== Exercise instructions ==
Only an exact repeat of the listing, without its images, counts as the answer.

== Dataset extract ==
#####

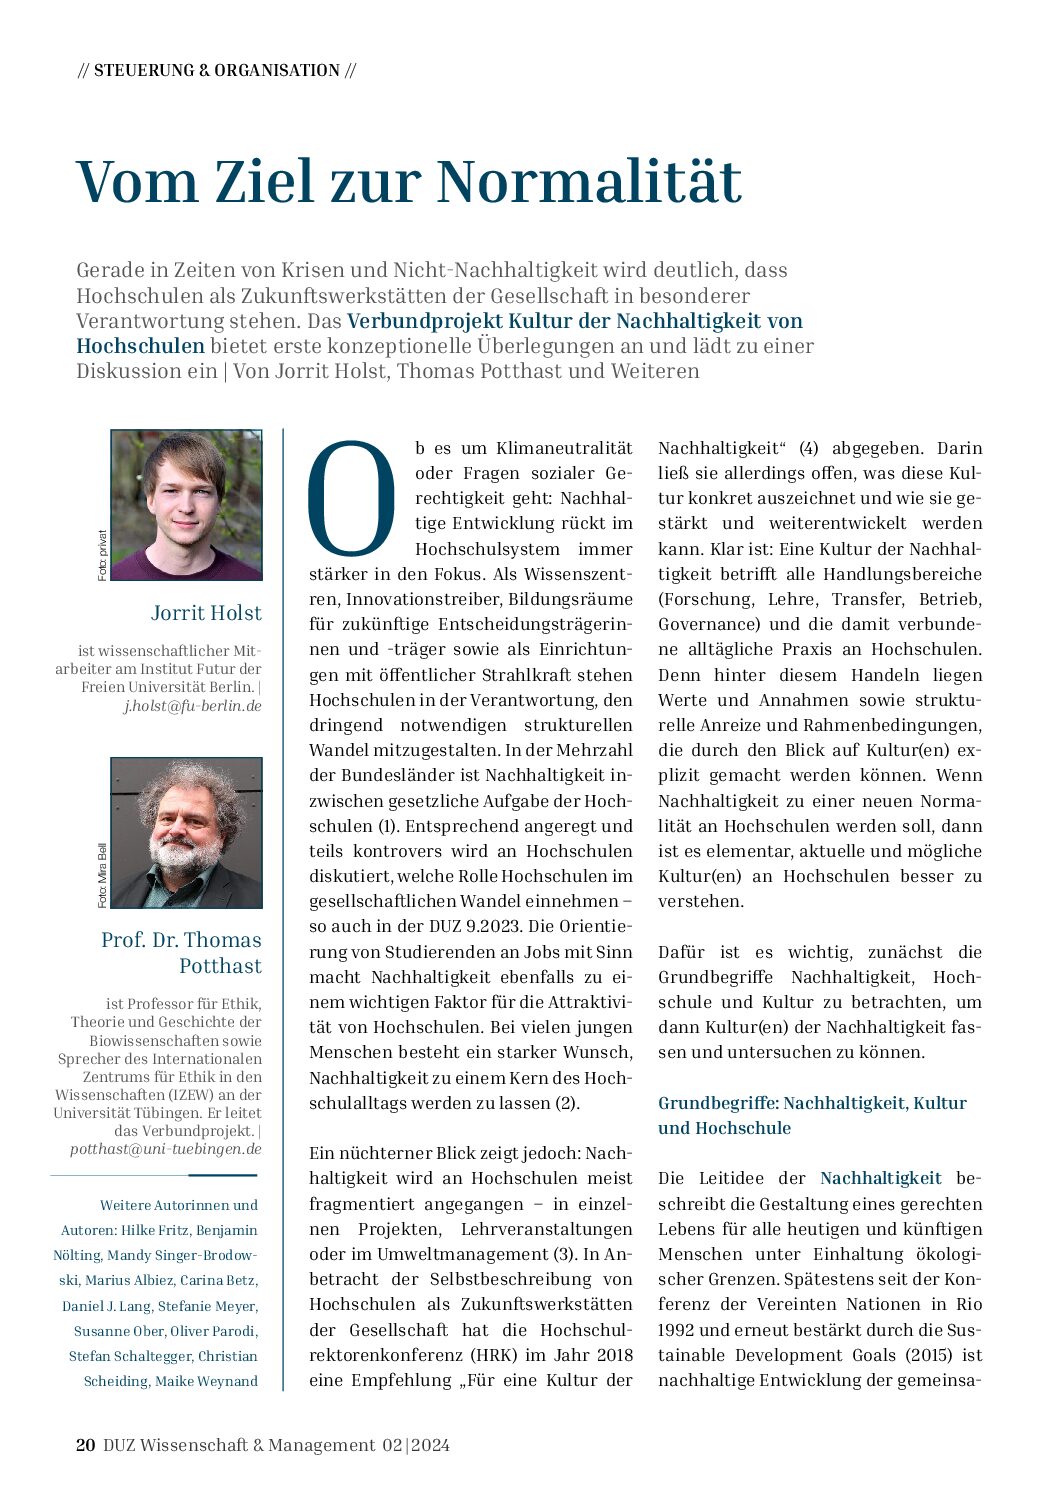 The first page of the guest article in DUZ Wissenschaft & Management, 02/2024
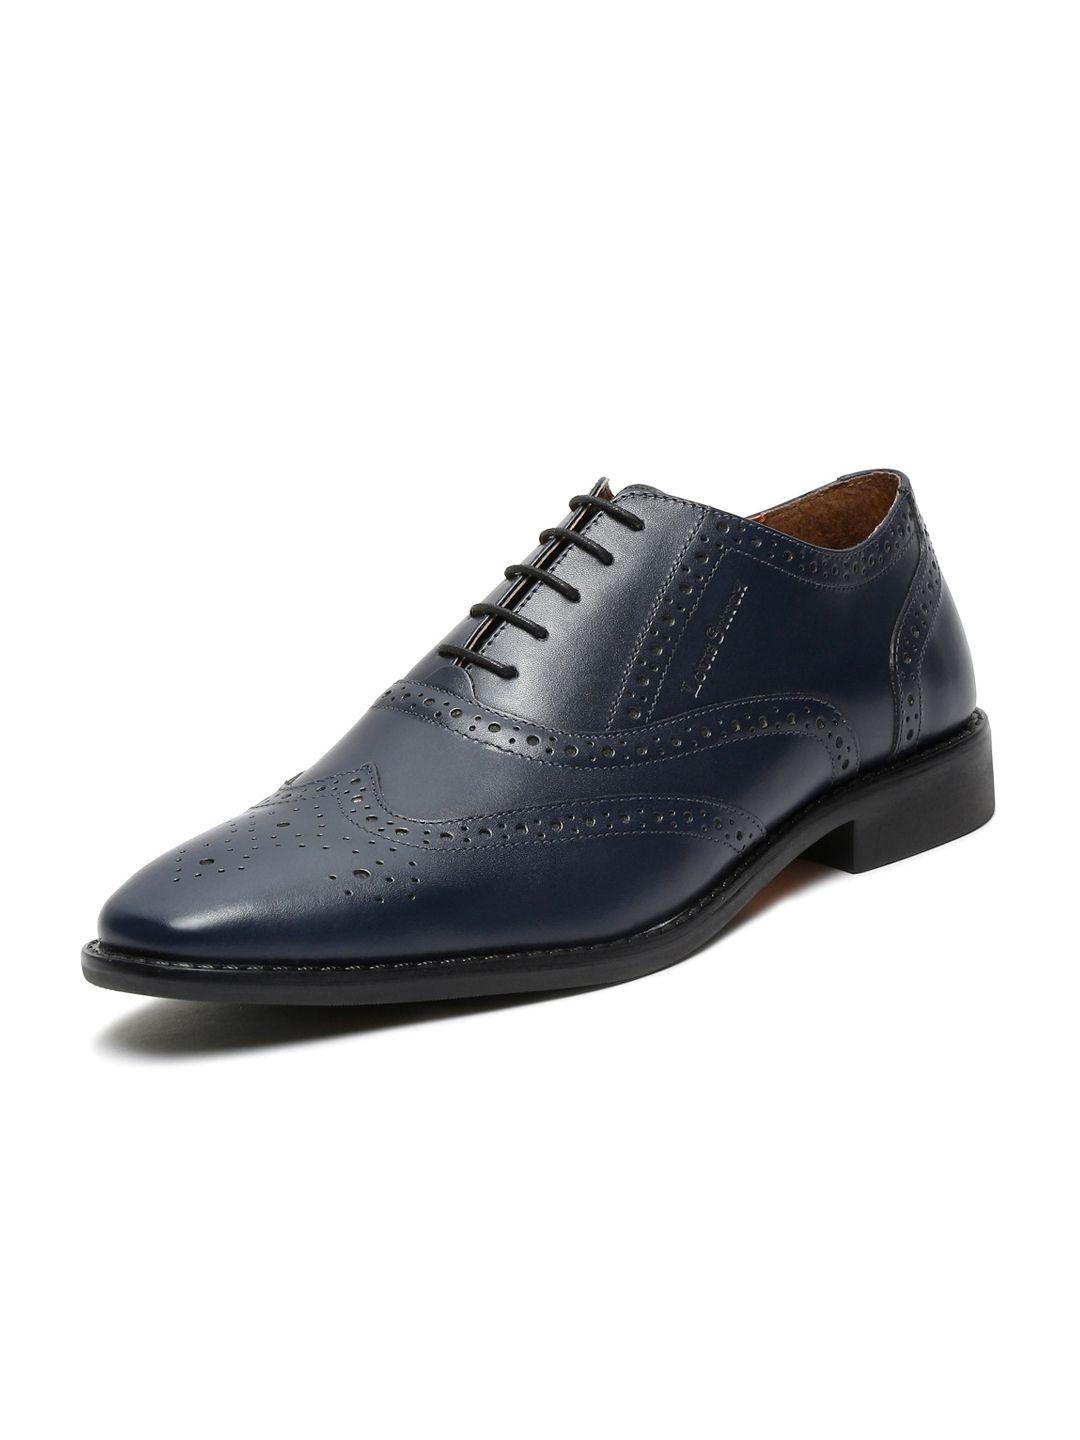 LOUIS STITCH Men Textured Leather Formal Brogues
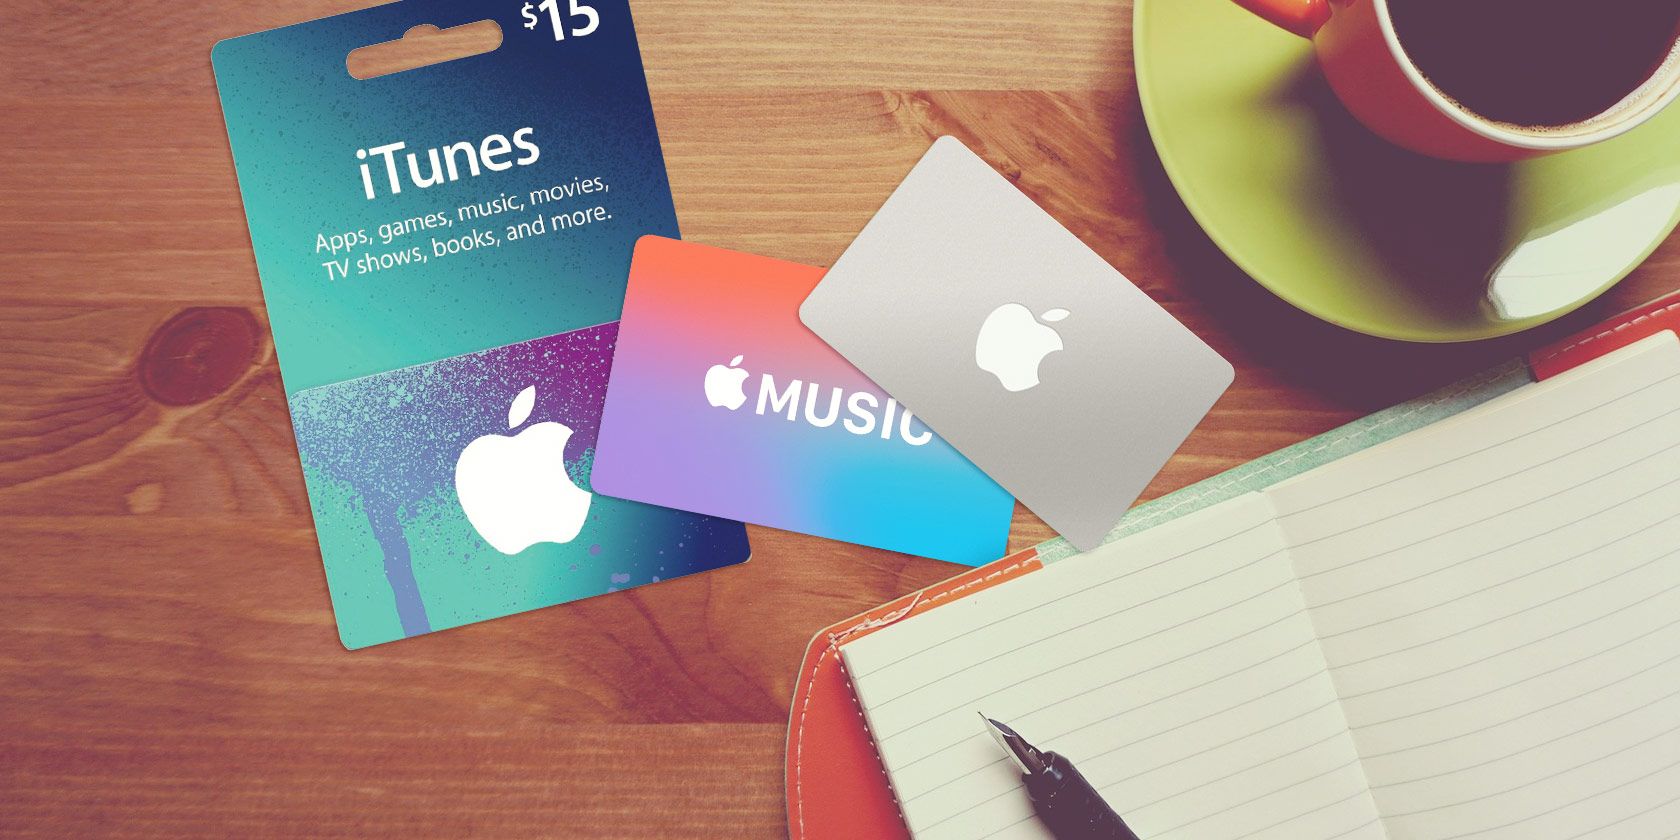 5 Fixes to Try if You Can't Redeem Your Apple Gift Card

#####

== Answer to this task ==
 The first page of the guest article in DUZ Wissenschaft & Management, 02/2024
 LOUIS STITCH Men Textured Leather Formal Brogues
 5 Fixes to Try if You Can't Redeem Your Apple Gift Card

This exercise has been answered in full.